In order to avoid the influence of coiling/bending caused by using a long fiber, the compound speckle reduction scheme combining two or more speckle reduction approaches to achieve a better reduction effect has been proposed. According to Goodman’s speckle theory [28], each speckle reduction effect from the compound speckle reduction method may be viewed as introducing a certain number of degrees of freedom. If we have r independent mechanisms for introducing new degrees of freedom, then the total number R of degrees of freedom is simply $R={\prod }_{r=1}^R{R}_r$, and the total contrast of the resulting speckle is as follows: $SC=1/\sqrt{R}$. For example, in our previous publications [14,15], the use of short multimode fibers with other static optical elements such as a two-dimensional Barker code diffractive optical element (DOE) could be a technical solution in speckle-free laser imaging systems.

In the fabrication process of the fiber, we should consider the existence of some defects, such as irregular boundaries of core-cladding interface, random fluctuation of refractive index, and random bending of optical fiber axis, which will also affect our experimental results.

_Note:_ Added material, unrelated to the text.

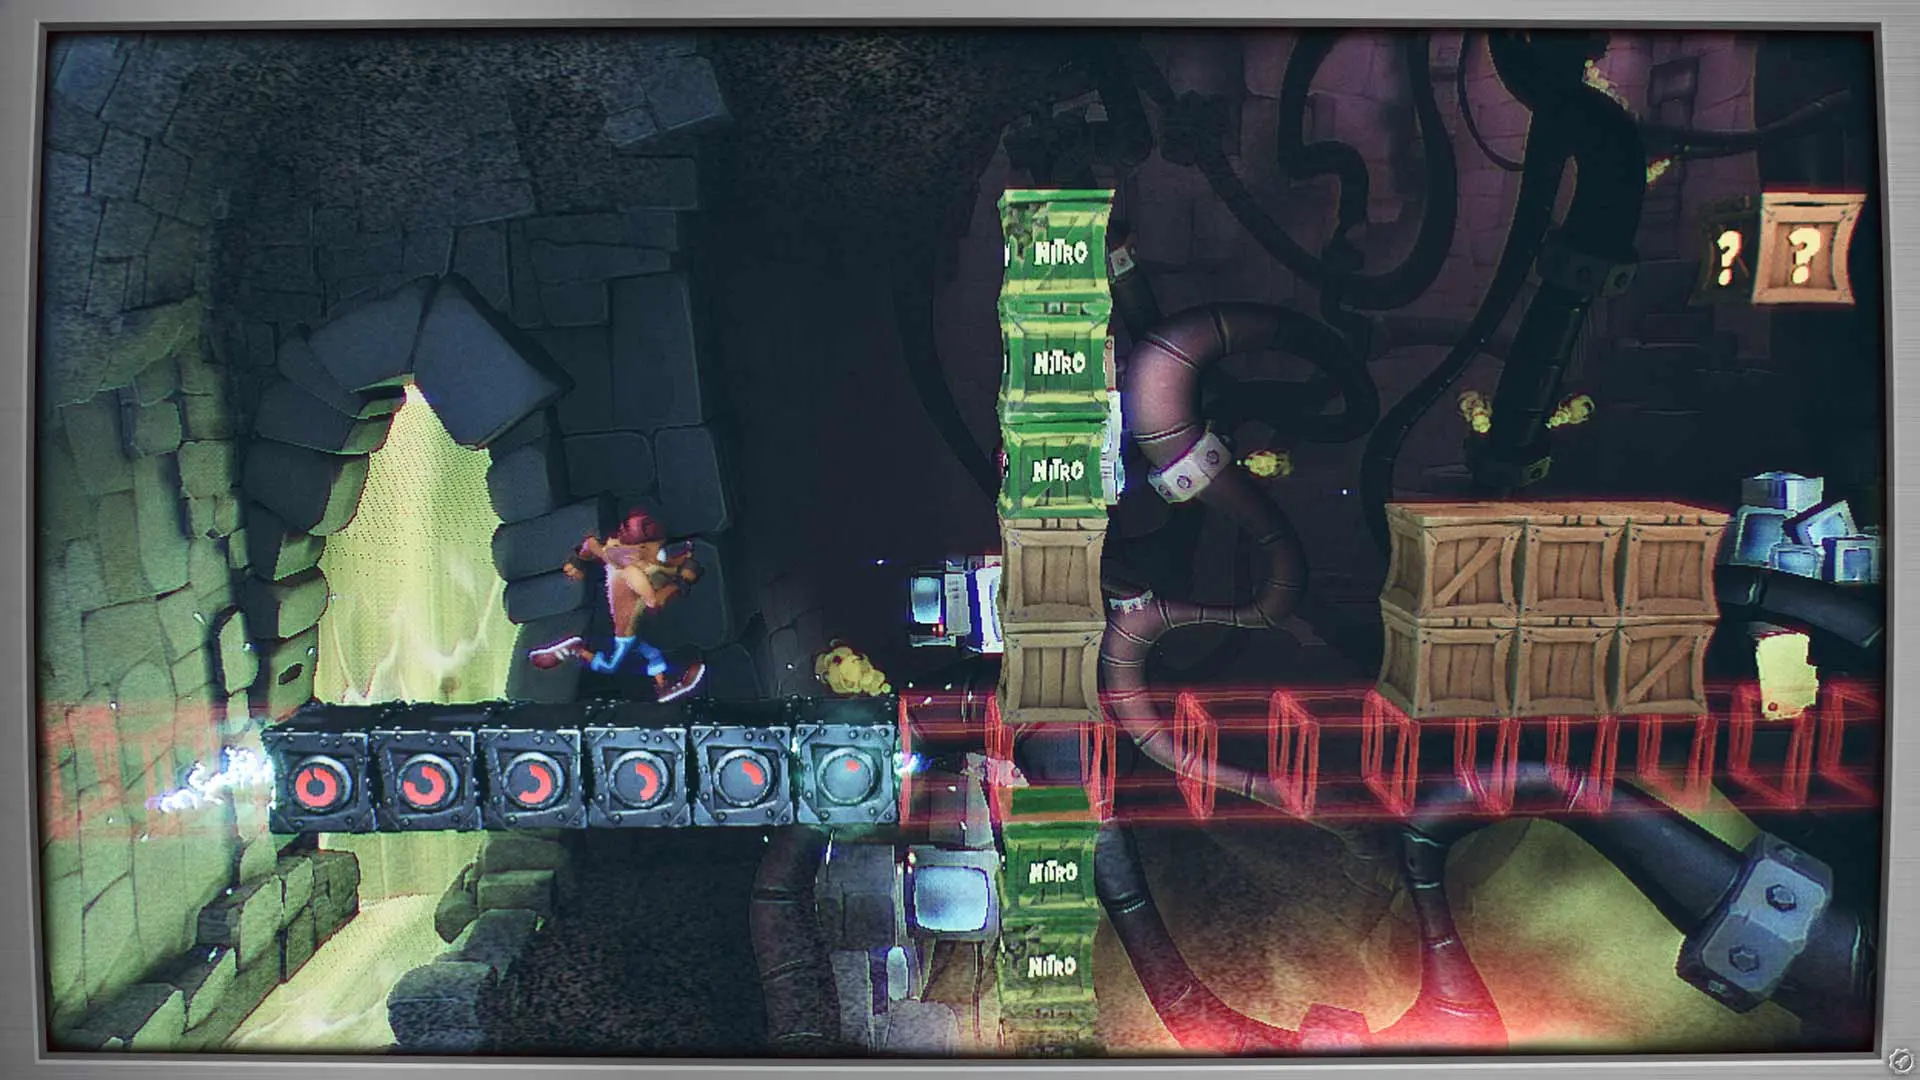 Crash Bandicoot 4: It's About Time flashback level screenshot

Mode coupling takes place in an imperfect fiber waveguide. The variation in the power of the mth mode can be expressed as: $\Delta P_m={{\displaystyle \sum }}_{n=1}^M{h}_{mn}(P_m-P_n)$, where P_m and P_n represent the initial power of the mth and nth modes, respectively. M is the total number of guided modes, and h_mn is the coupling coefficient between modes m and n. The higher order modes generated by mode coupling will play a positive role in averaging the speckle patterns. In other words, the speckle contrast at the output end of the multimode fiber is decreased when the mode coupling occurs.

5. Conclusions

Speckle reduction using a multimode fiber has an important advantage in laser imaging systems because it is a passive method that does not increase power consumption or complicate the system. However, when a highly coherent laser is coupled with the multimode fiber, the modal power distribution is actually affected by the excitation conditions, which will have a crucial impact on speckle formation. Therefore, this article mainly investigated the relationship between the speckle contrast at the output of a multimode fiber and inter-mode interference under various excitation conditions. The modal field analysis method was employed to derive a general expression for the speckle contrast at the output of a multimode fiber under different excitation conditions by varying the tilt angle of the Gaussian beam. Moreover, numerical simulations were carried out to investigate the dependence of the speckle contrast on the modal power distribution by changing the tilt angle of the Gaussian beam and on the group delay time difference caused by different fiber lengths. The theoretical results obtained were confirmed by the experimental results. The results show that, with an increase in the tilt angle of the Gaussian beam, the modal power is transferred to higher-order modes and the maximum delay difference between excitation modes becomes larger. Therefore, the inter-mode interference effect is effectively weakened, and the speckle contrast is significantly reduced. The increase in fiber length will also make the delay difference between excitation modes larger and thus the speckle contrast is decreased. For the larger tilt angle of the Gaussian beam, only a shorter optical fiber is required to reduce the speckle contrast significantly. We anticipate that our work will facilitate the use of multimode fibers to produce speckle-free patterns in laser imaging systems.